There’s a tendency in contemporary writing on attention to treat it as a quantity. We “have” enough or we don’t. We “spend” it, “split” it, “lose” it. The metaphor is economic, and like all economic metaphors it makes certain things visible by hiding others.1

What if attention is not a stock but a posture? Not something I have, but something I am, briefly, when conditions allow.2

Consider the shape of an ordinary day. There are stretches in which the world feels close — a sentence opens up, a face is legible, a piece of music breathes. And there are stretches in which everything is at one remove, behind glass. The difference is rarely a matter of effort. It’s more like the weather.

This is the part of attention that the productivity literature can’t reach. You cannot will yourself into a posture; you can only prepare the conditions. You can put down the phone, walk the long way home, stop trying. The rest is a kind of grace.

I want to write more about this — about the practices that make the posture more available, and the ones that quietly close it off. For now, a small claim: any account of attention that doesn’t begin with the body, the room, and the hour of the day is going to miss most of what matters.
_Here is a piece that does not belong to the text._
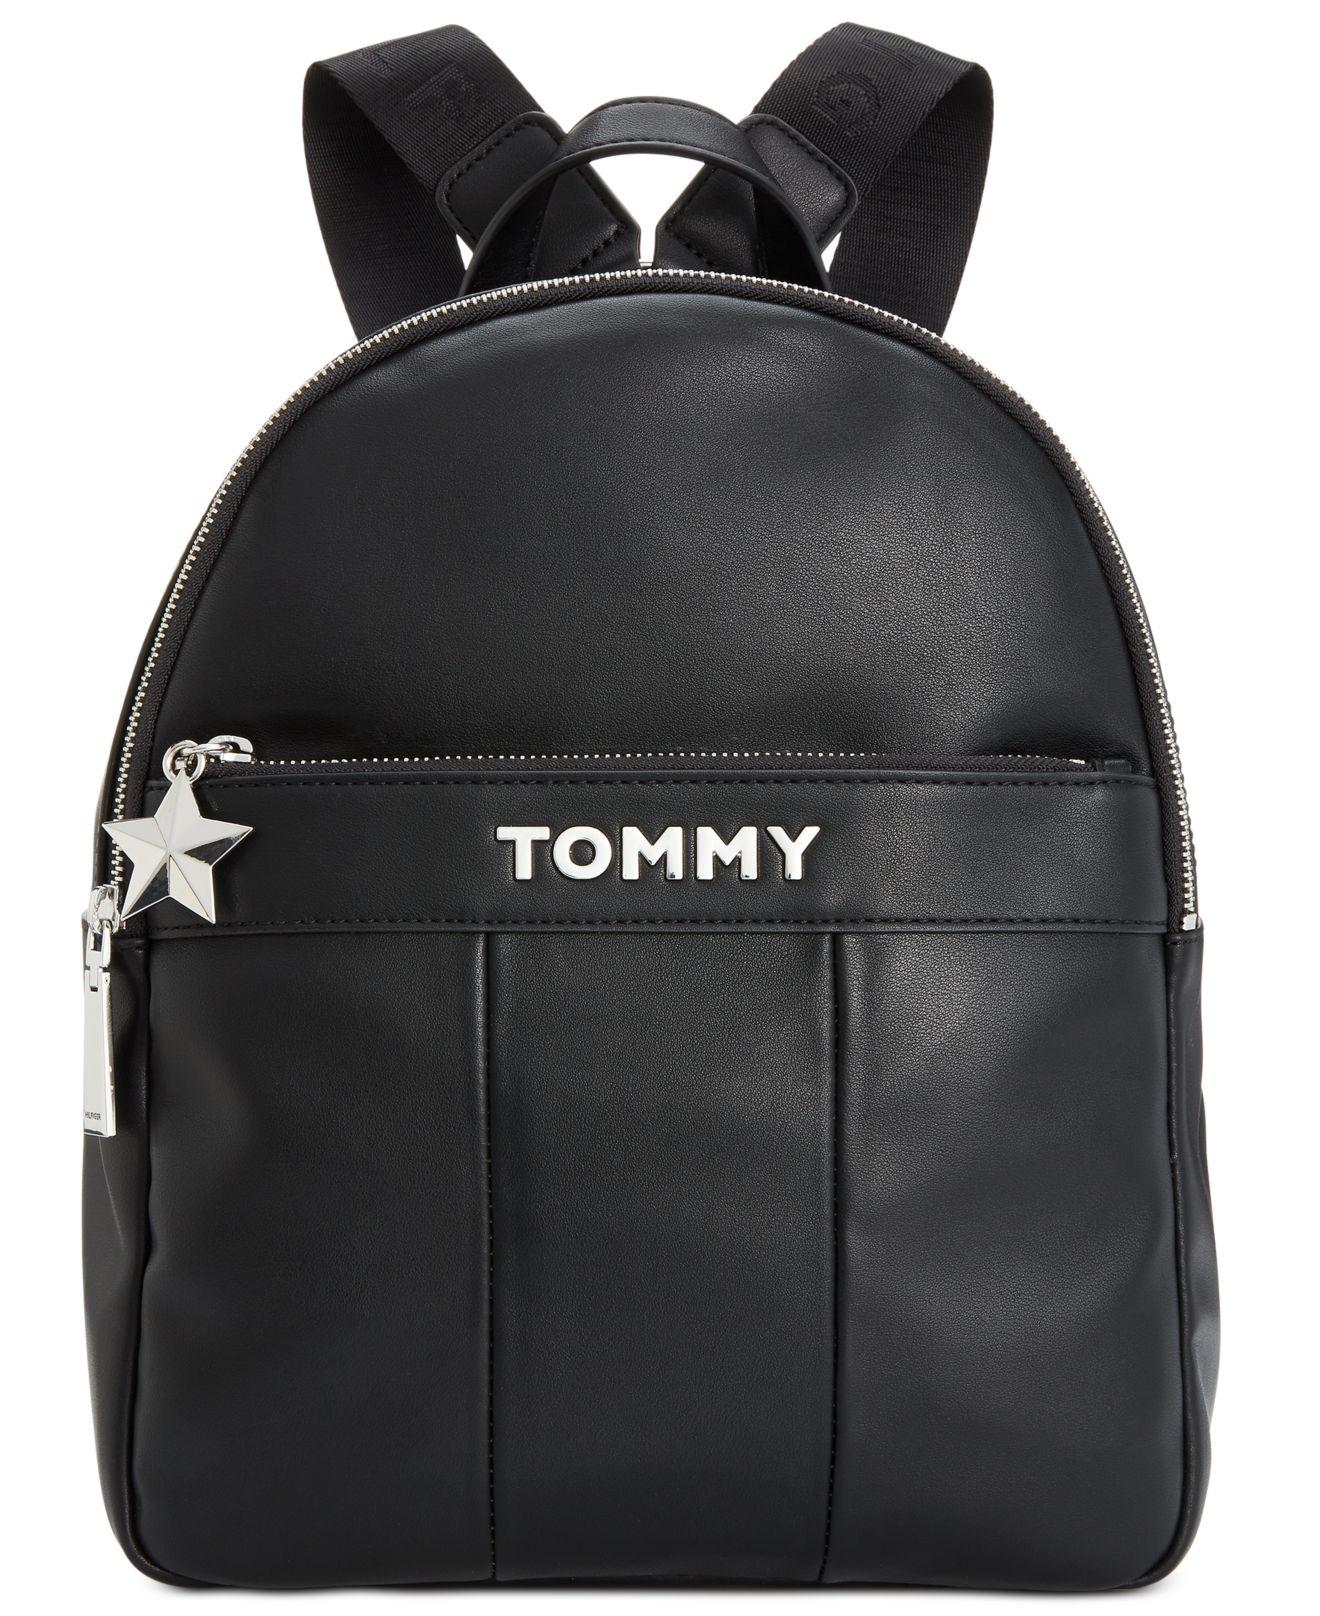 Tommy Hilfiger Peyton Backpack in Black

  1. William James already saw this in 1890 — the metaphor of attention as a fund or resource was, even then, importing assumptions from political economy that were nowhere obvious in the phenomenology. 

  2. Cf. Jonathan Crary, Suspensions of Perception (1999), on the way late-19th-century attention research absorbed and was absorbed by industrial-discipline regimes. The history is older than we usually pretend.